_WORK ORDER:_ Please return the full listing exactly as written, with the images removed.

_DATA BLOCK:_
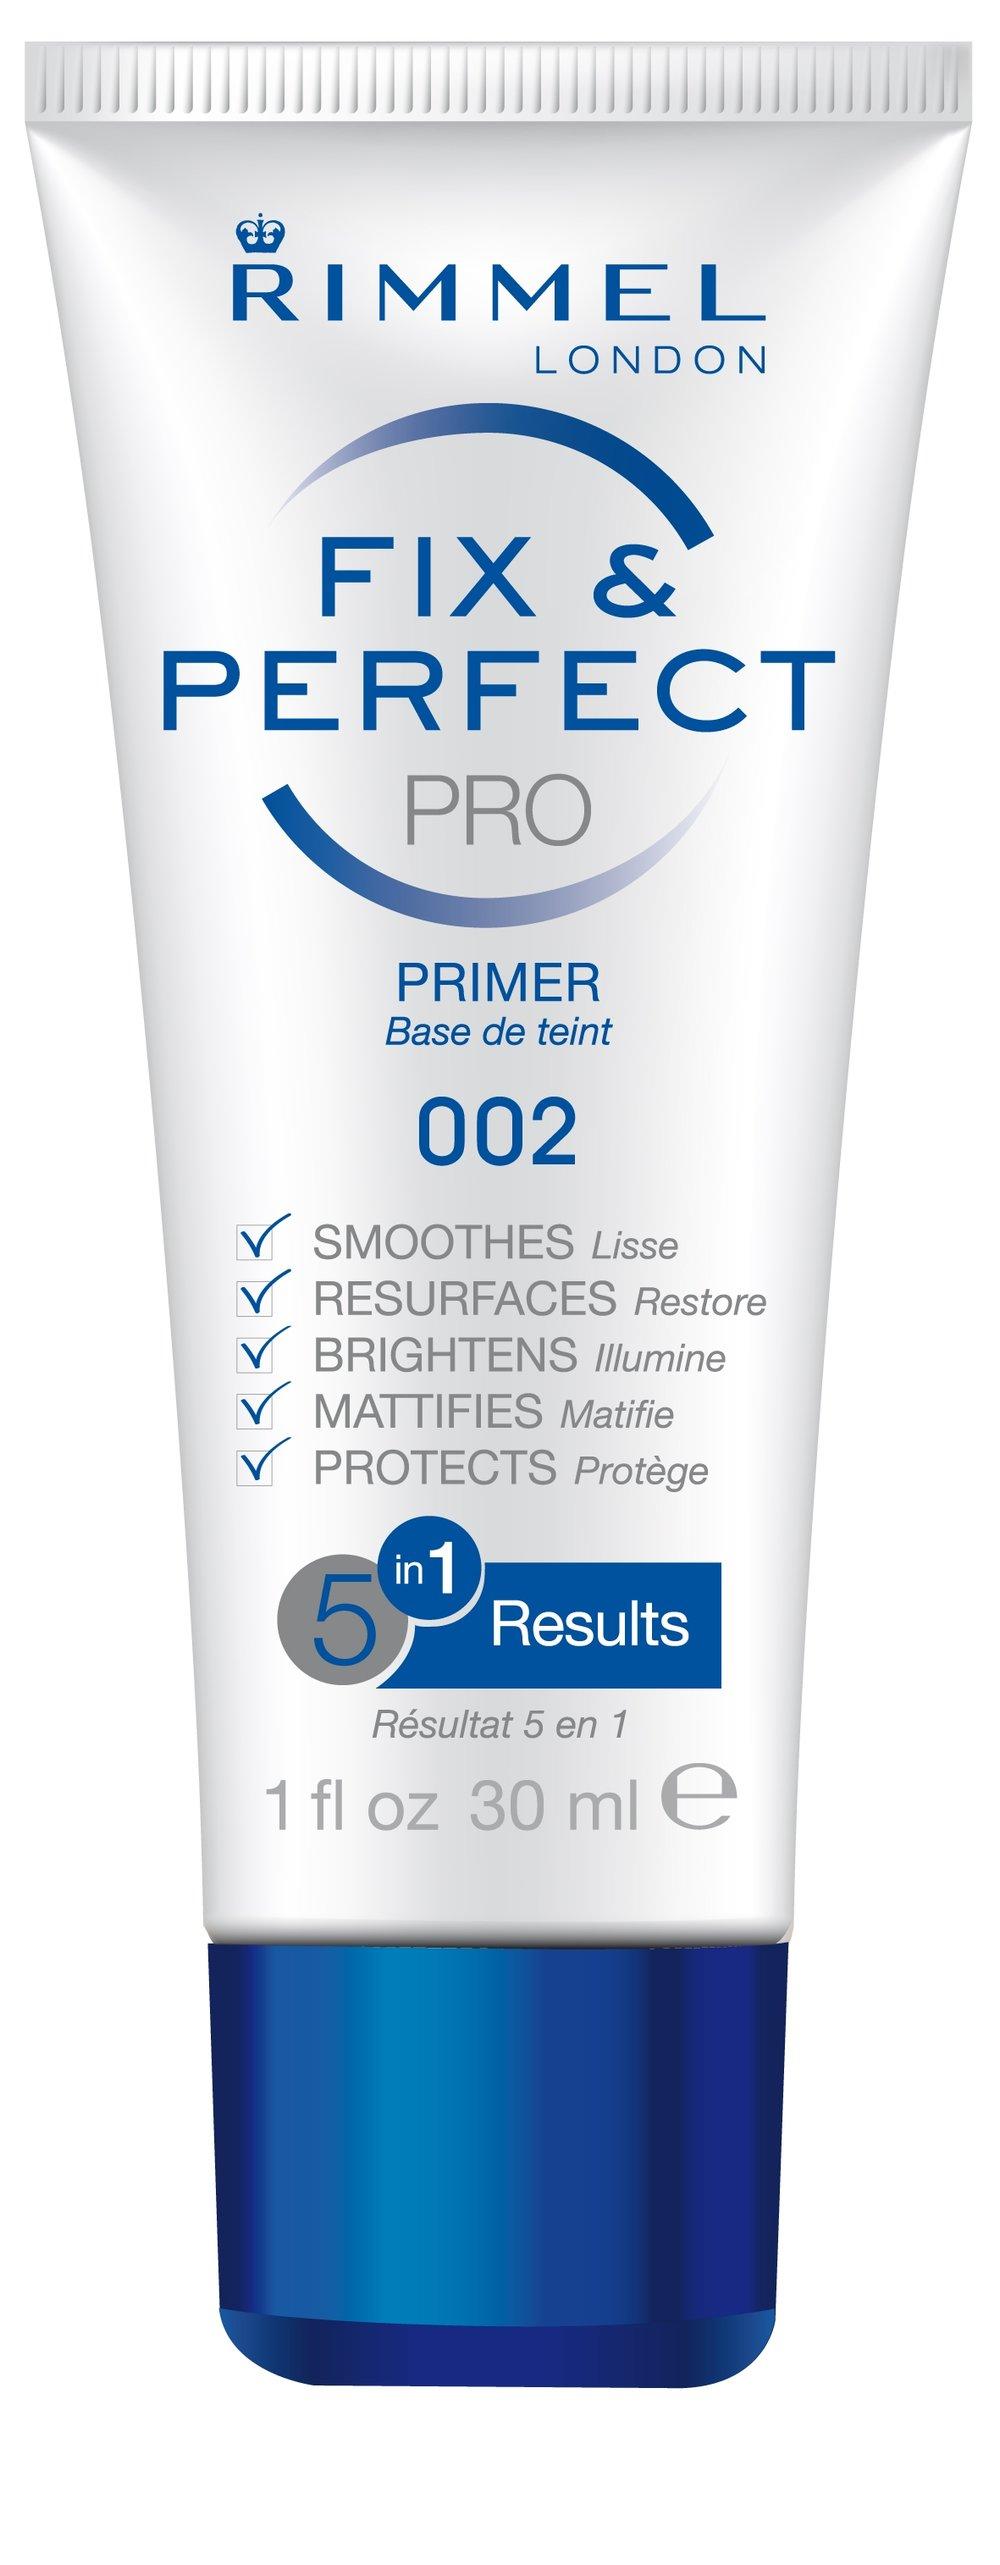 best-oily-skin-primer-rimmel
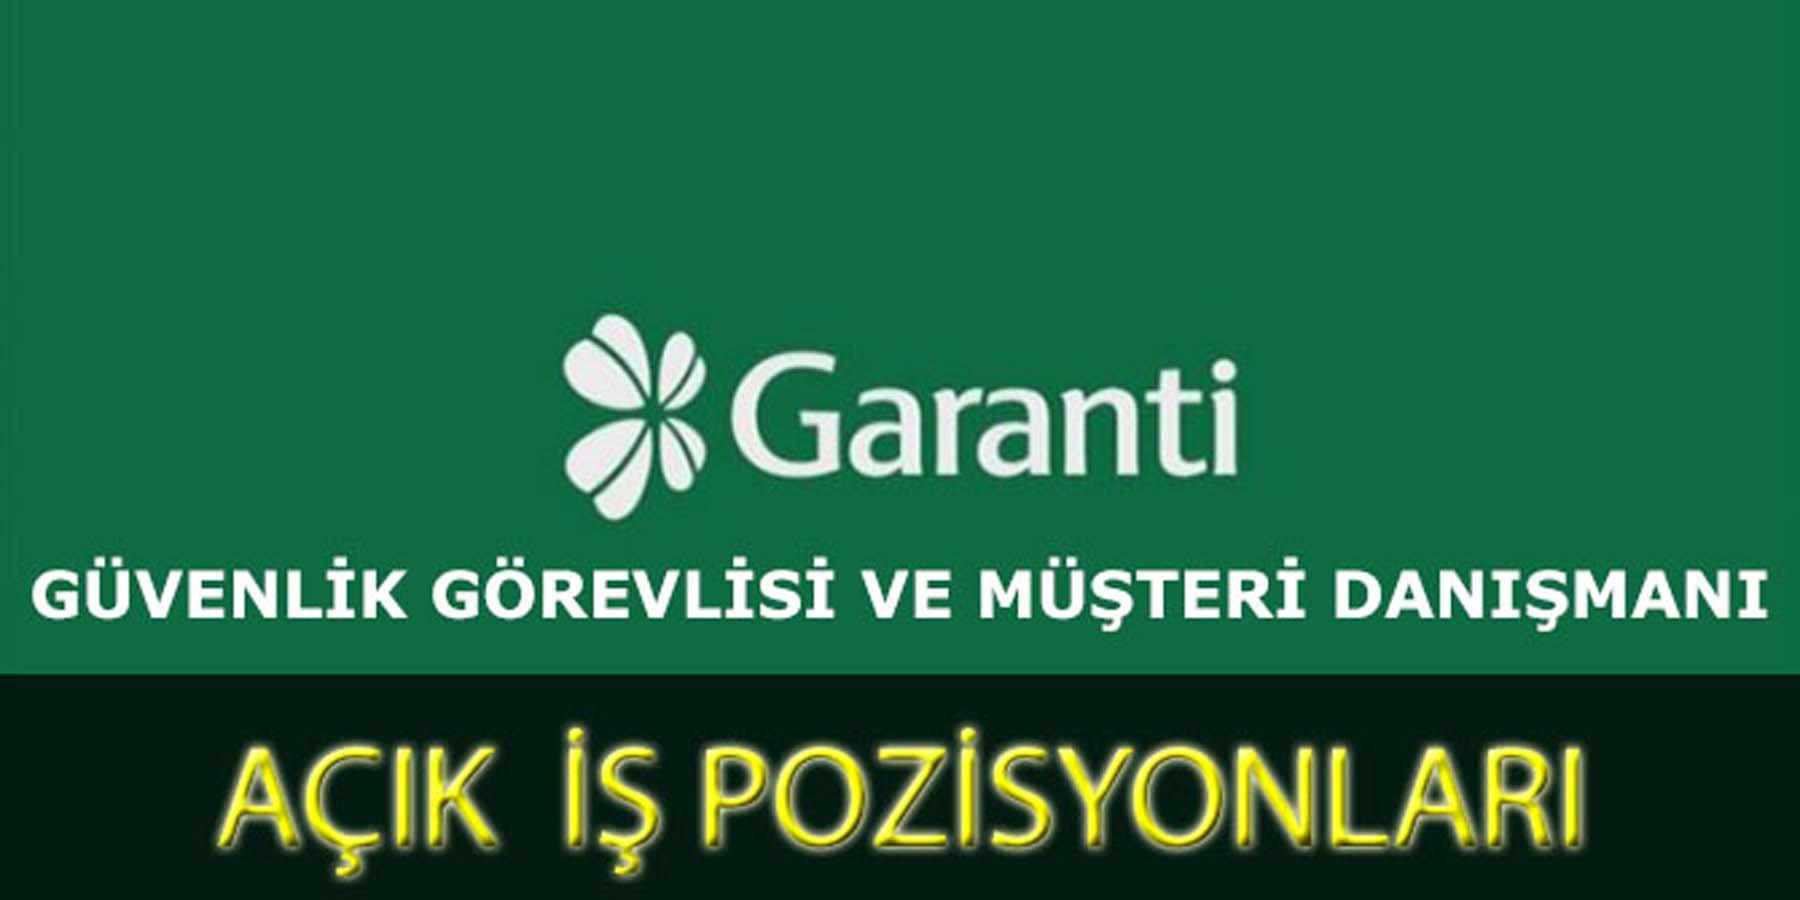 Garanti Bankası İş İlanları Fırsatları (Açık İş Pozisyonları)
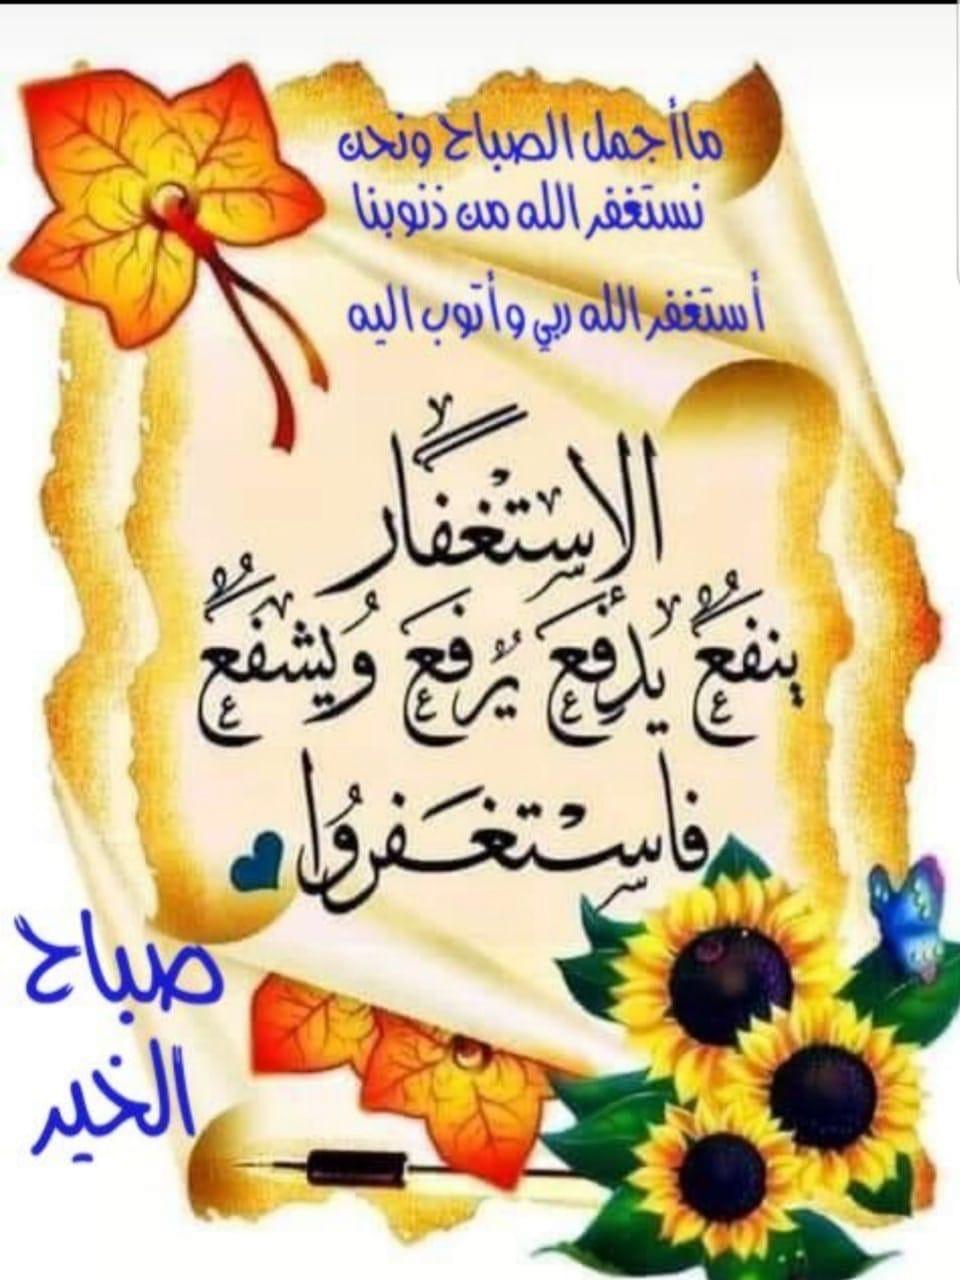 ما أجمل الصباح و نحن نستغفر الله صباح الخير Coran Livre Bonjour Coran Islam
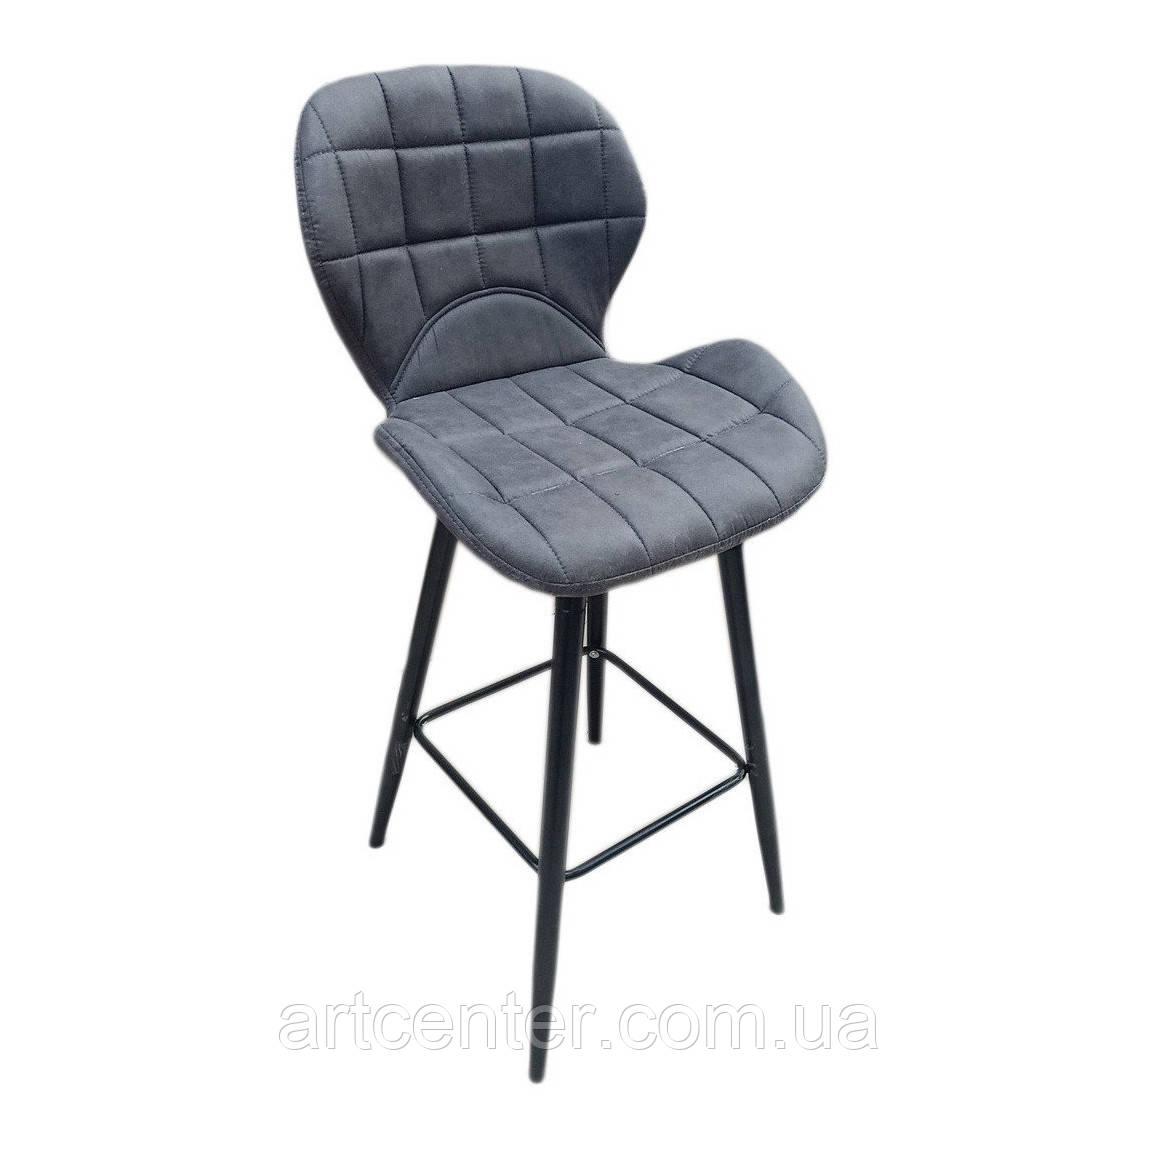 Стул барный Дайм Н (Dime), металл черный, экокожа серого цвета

_RESULT BELOW:_
 best-oily-skin-primer-rimmel
 Garanti Bankası İş İlanları Fırsatları (Açık İş Pozisyonları)
 ما أجمل الصباح و نحن نستغفر الله صباح الخير Coran Livre Bonjour Coran Islam
 Стул барный Дайм Н (Dime), металл черный, экокожа серого цвета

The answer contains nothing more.